Und wie es der Zufall dann wollte, trafen wir im Speisesaal dann prompt auf Thomas und seine Freundin Jessica. Beide waren quasi stehend k.o., aber offensichtlich auch ziemlich happy dank eines aufregenden Tages mit vielen Eindrücken. Die ersten Minuten unseres Gesprächs miteinander verliefen in einer Art Schichtwechsel, da wir alle abwechselnd kurz Richtung Buffet stiefeln mussten, und als uns das nach kurzer Zeit dann etwas blöd wurde, setzten wir uns dann doch kurzerhand alle an einen Tisch, um gemütlich im Sitzen und beim Essen quatschen zu können ;)

Fische im Roten Meer

Die zwei waren insgesamt von der Tour schwer begeistert, und Jessica hatte selbst an Land noch schweren Seegang, weil es ja den ganzen Tag über so windig gewesen war. Sie erzählten uns in allen Details von ihrer Tour, und wir konnten uns nun sicher sein, dass wir das Geld für die Fahrt gut investieren würden. Sie waren nur ein wenig enttäuscht, dass es ihnen nicht vergönnt war, Delphine in freier Wildbahn gesehen zu haben – allerdings kommt das auch sehr selten vor, und auch wenn man bei der Feilscherei mit den Jungs von den Tauchschulen einen anderen Eindruck bekommen könnte, eine Delphin-”Garantie” gibt es einfach nicht.

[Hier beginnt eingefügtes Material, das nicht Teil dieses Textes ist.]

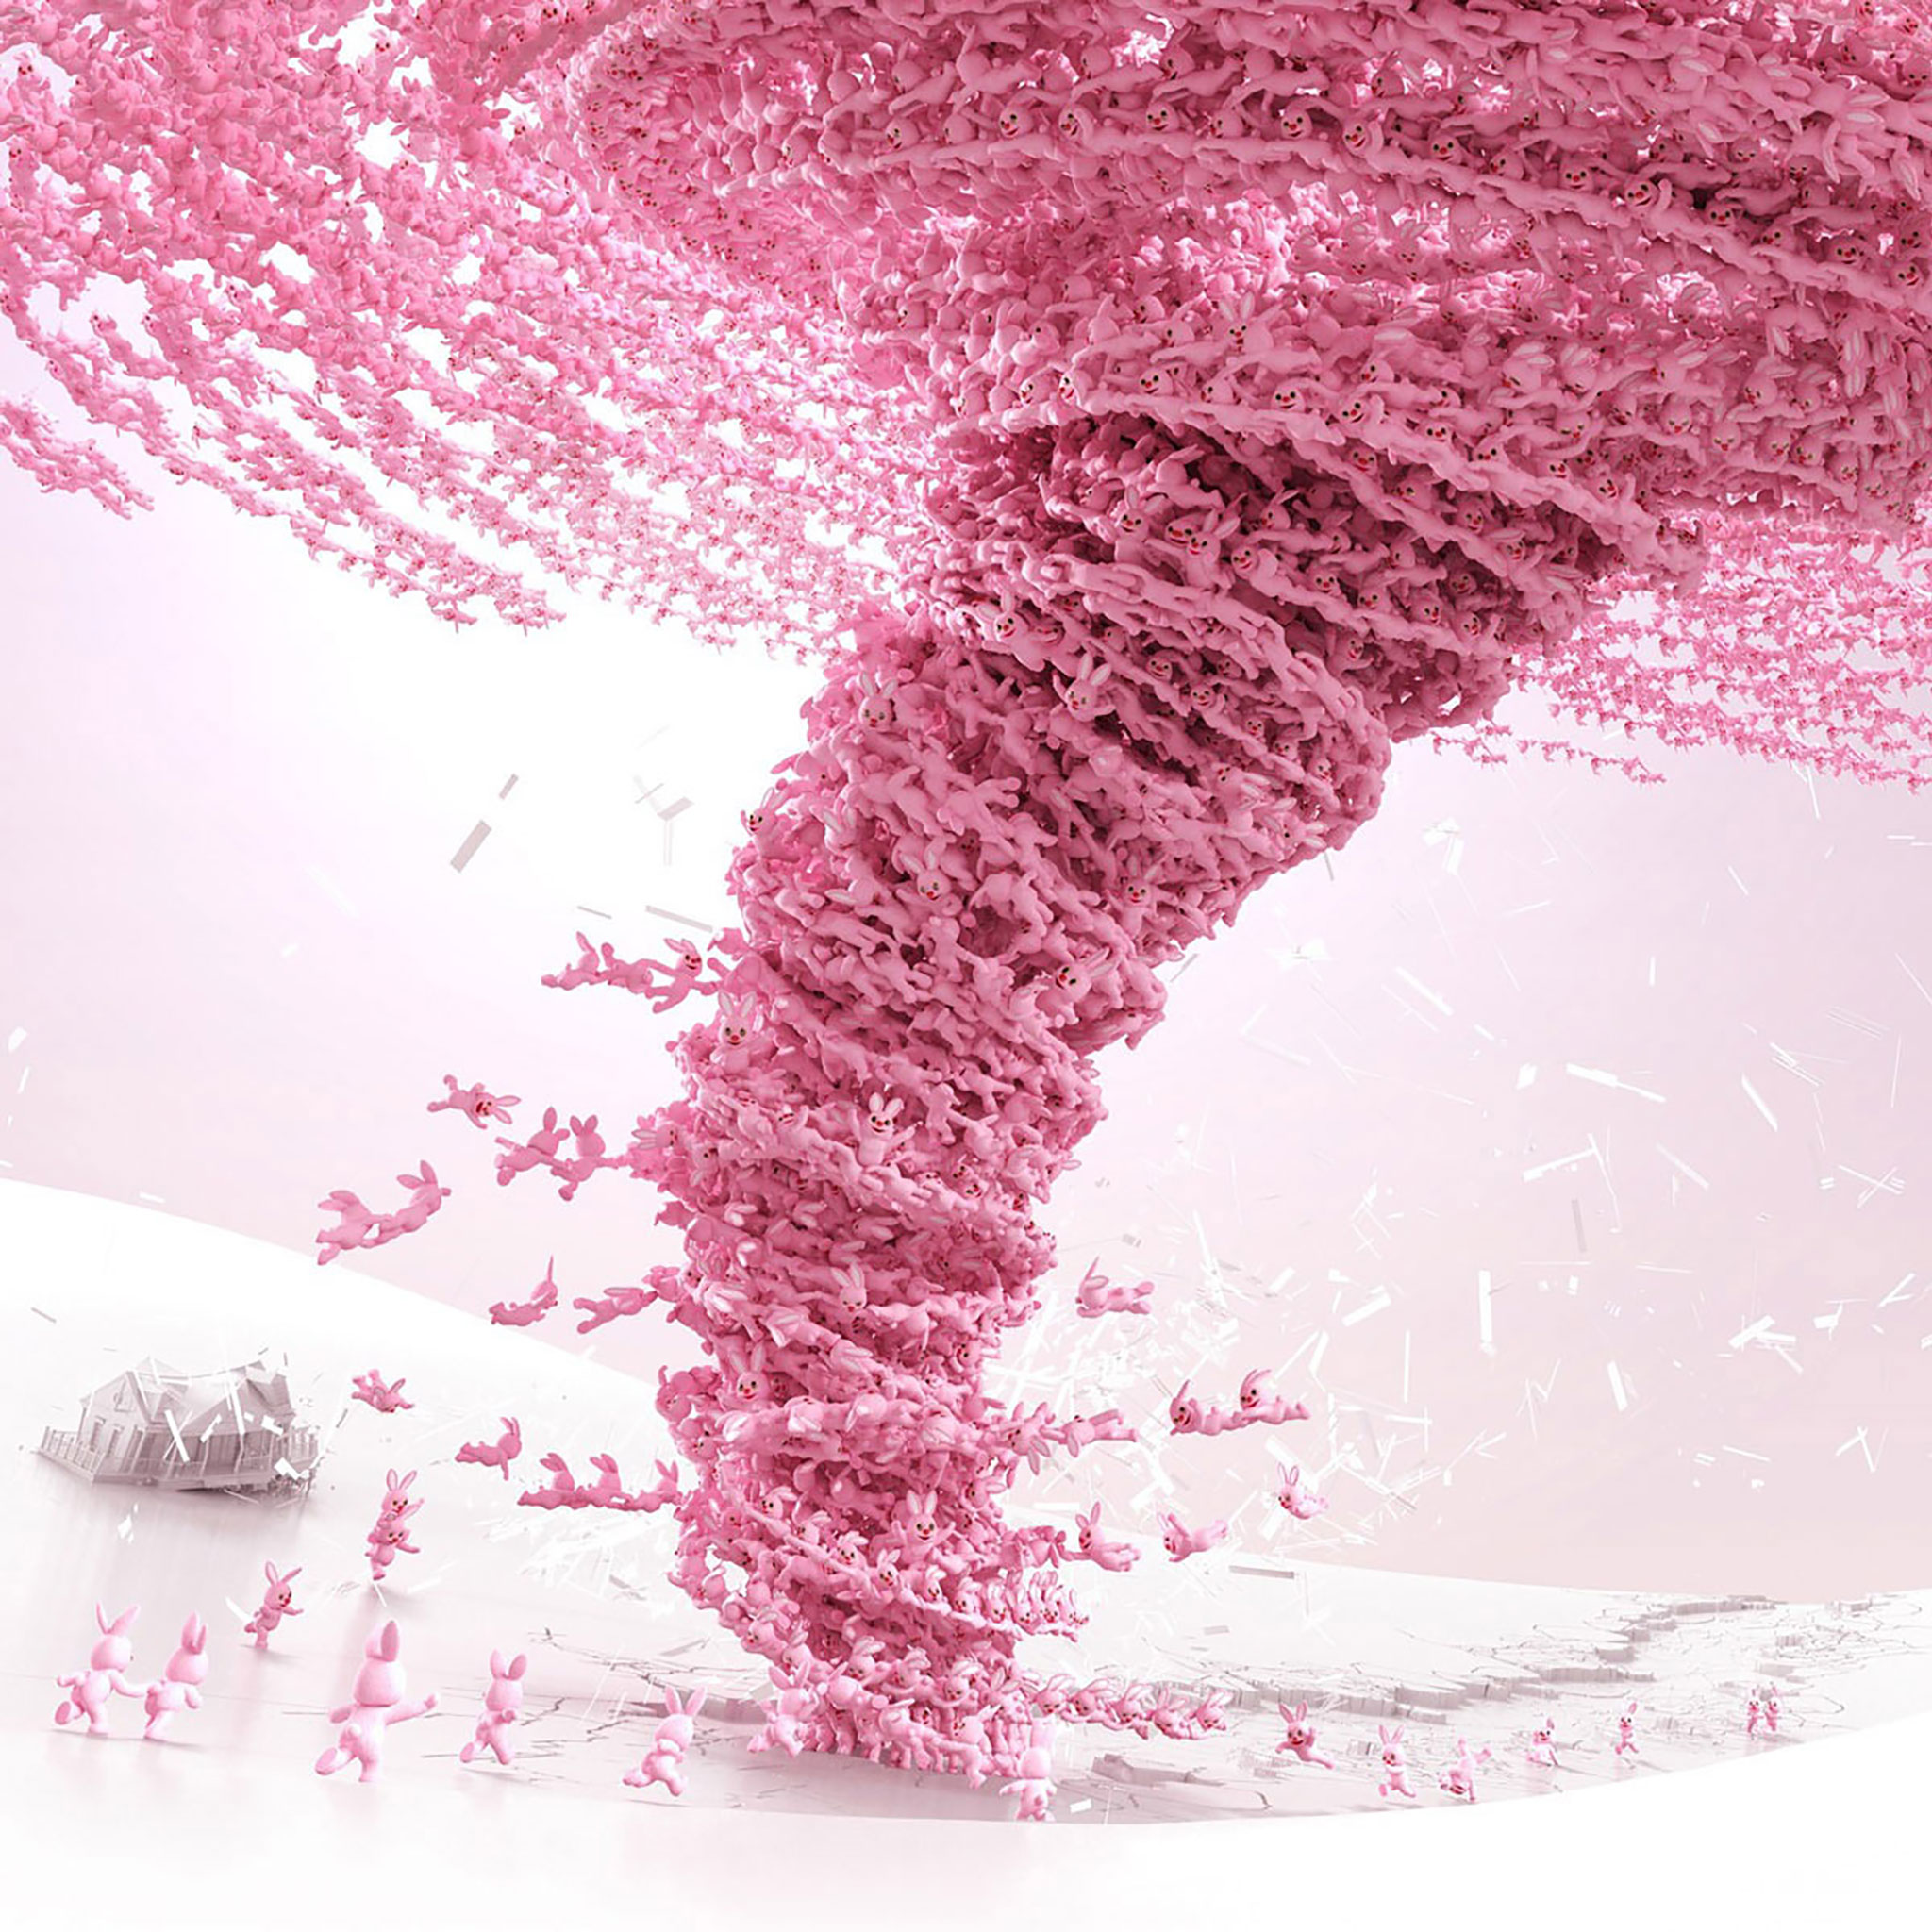 Aesthetic Ipad Pink Wallpapers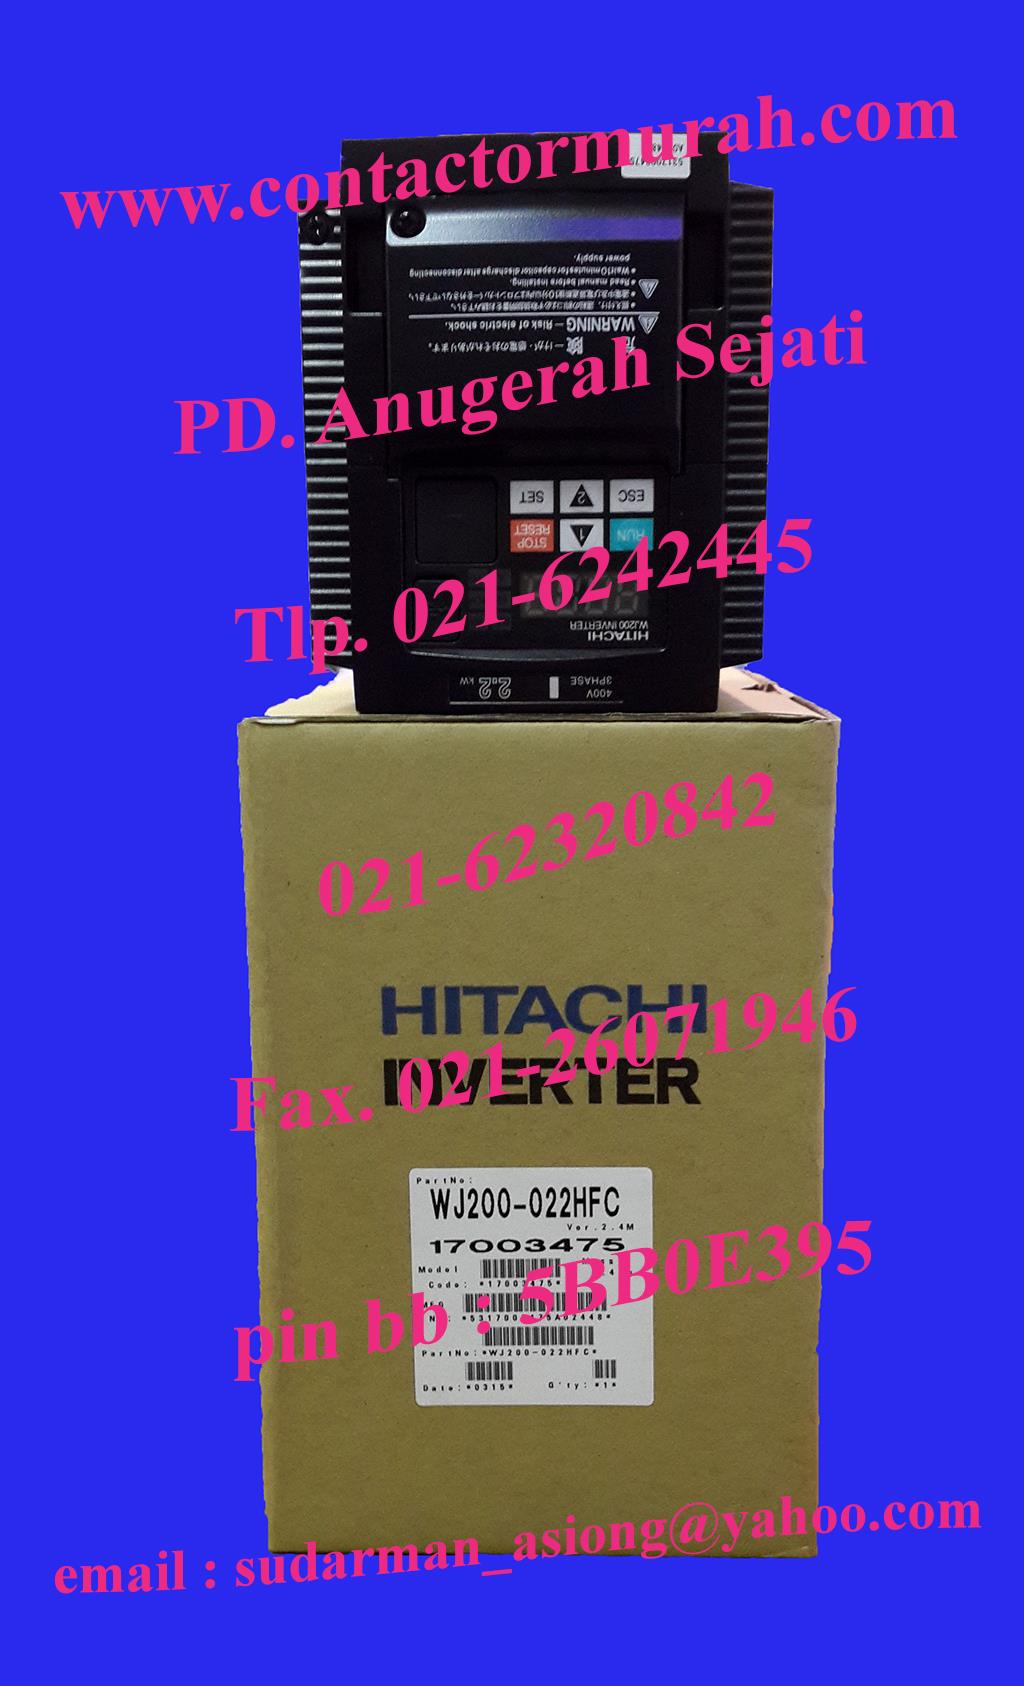 Jual Hitachi WJ200-022HFC inverter Harga Murah Jakarta 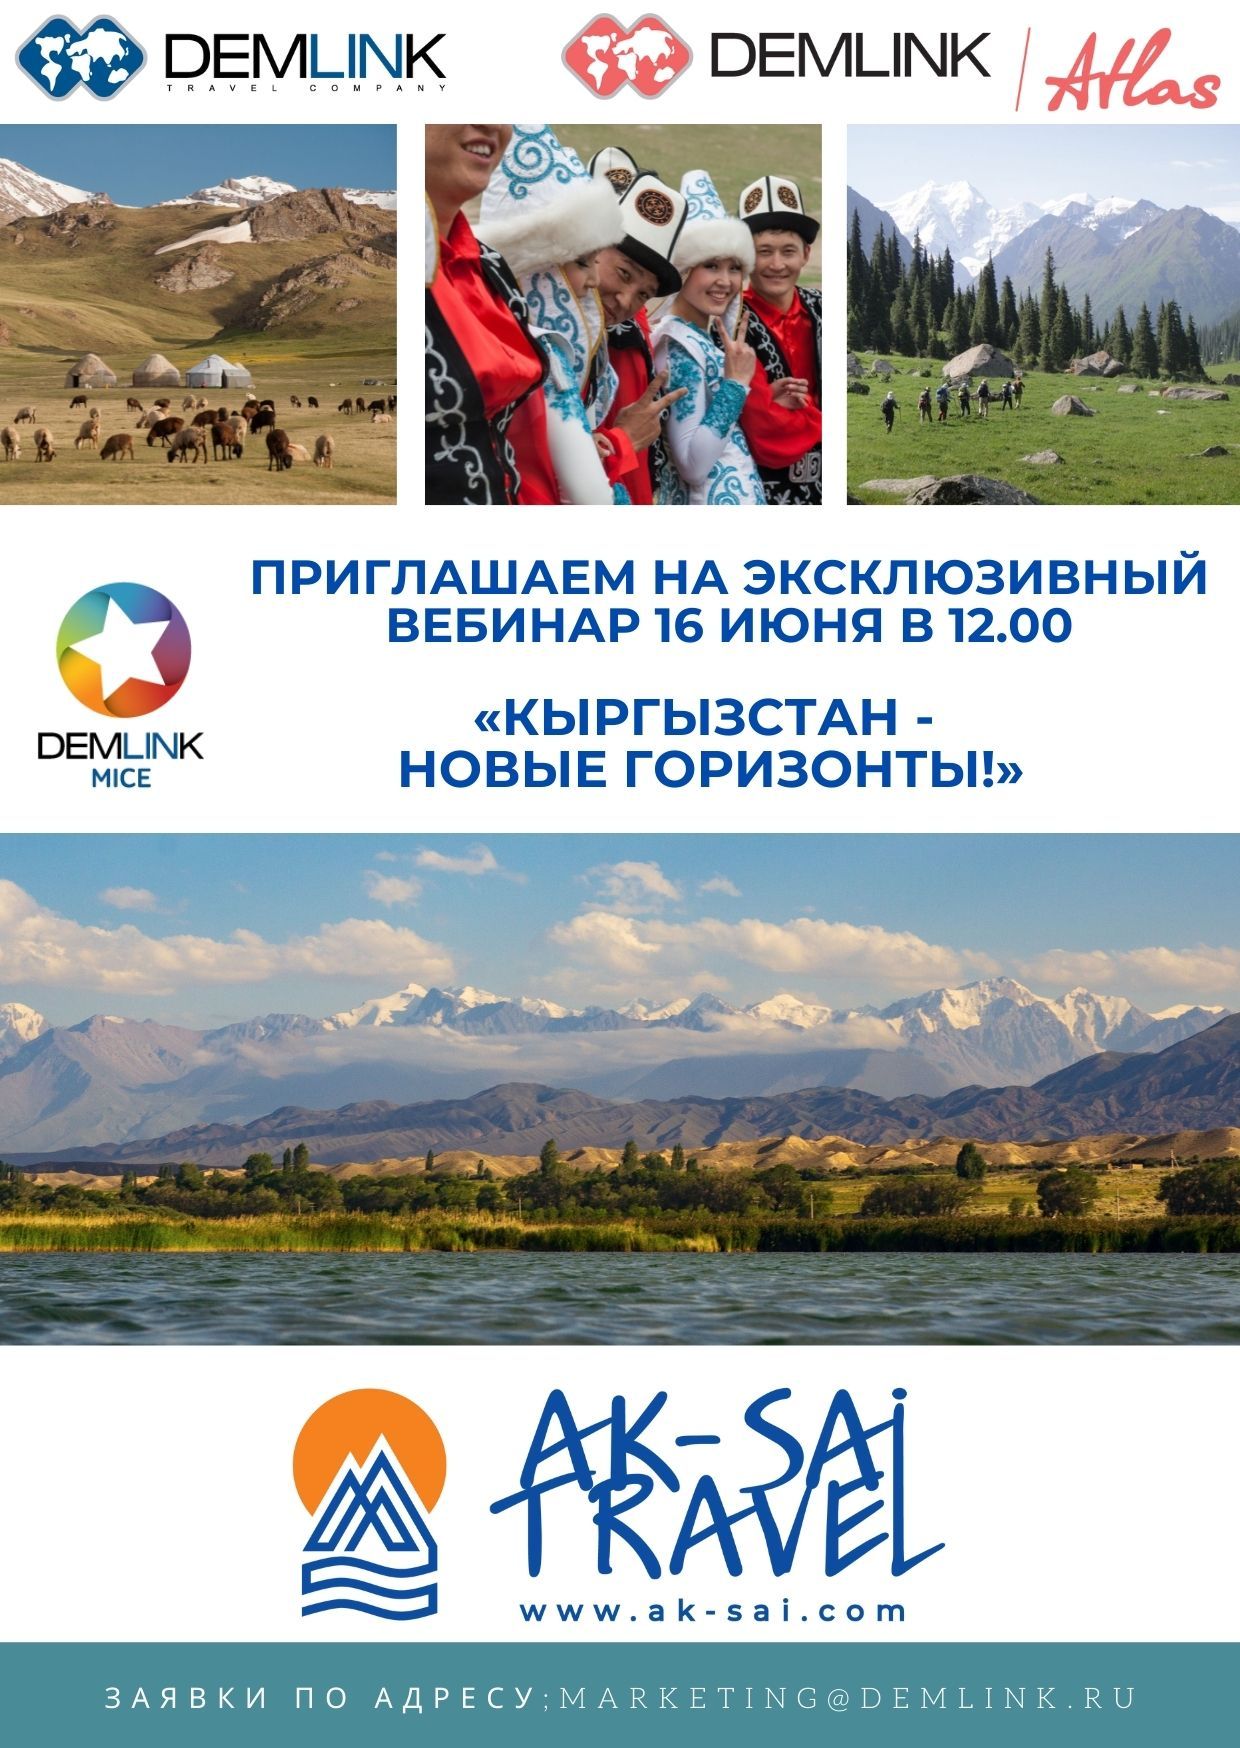 Demlink MICE2. Приглашение на вебинар_ Кыргызстан - новые горизонты_16.06.2022.jpg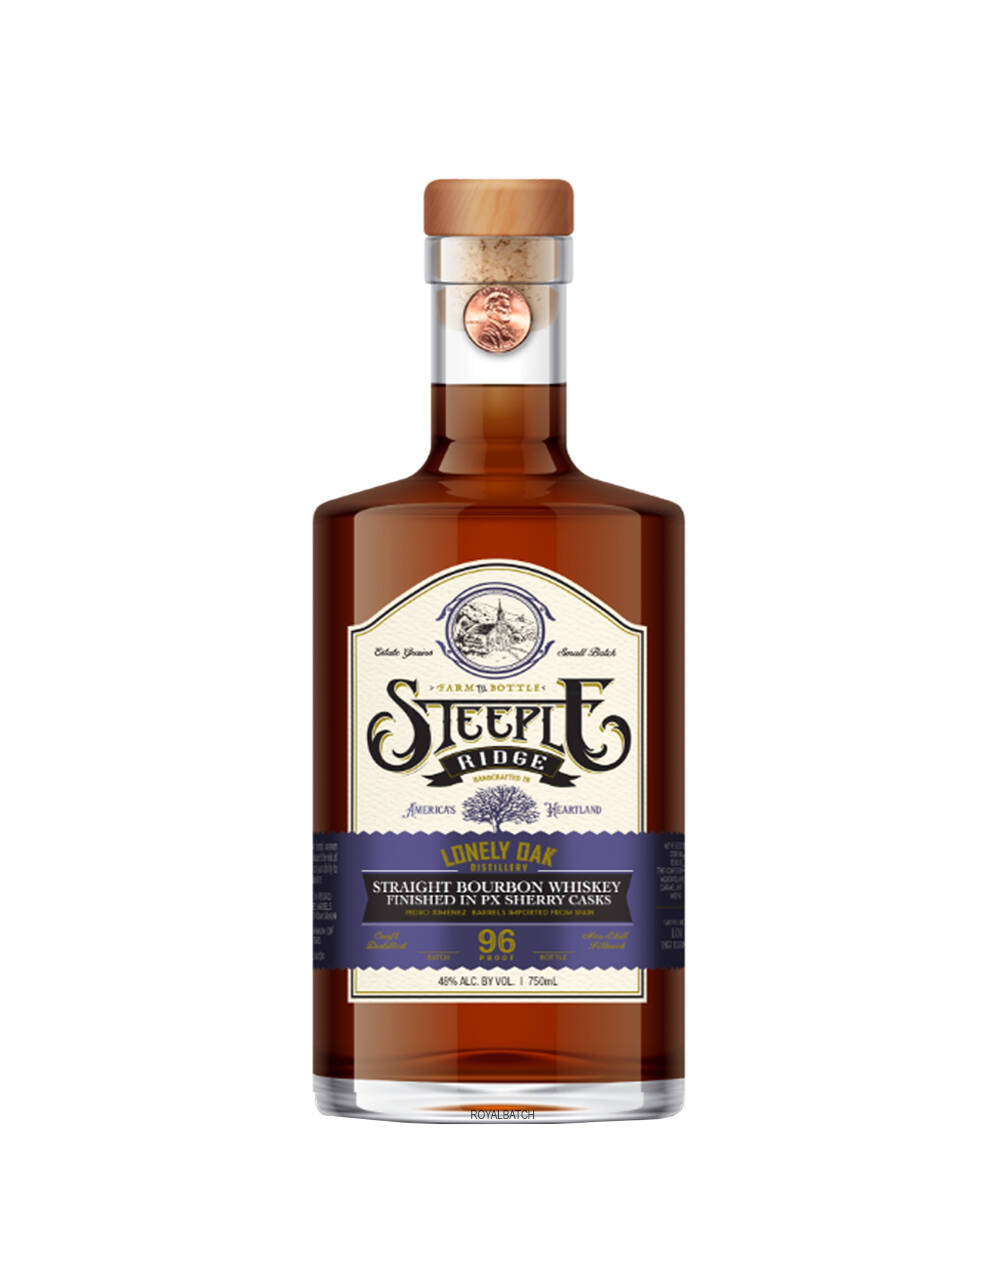 Lonely Oak Steeple Ridge Finished in PX Sherry Casks Straight Bourbon Whiskey

Wir verstanden uns jedenfalls bestens, und erst als wir von den Bediensteten quasi vor die Tür gekehrt wurden, merkten wir, wie die Zeit vergangen war. Da die zwei von der Tour völlig auf waren und sich noch mit dem anderen Paar kurz treffen wollten, bevor sie ins Bett fallen würden, verabschiedete man sich voneinander, und weil auch wir immer noch von der Wetterumstellung ziemlich erledigt waren, war damit auch unser an sich recht ereignisloser Tag vorbei.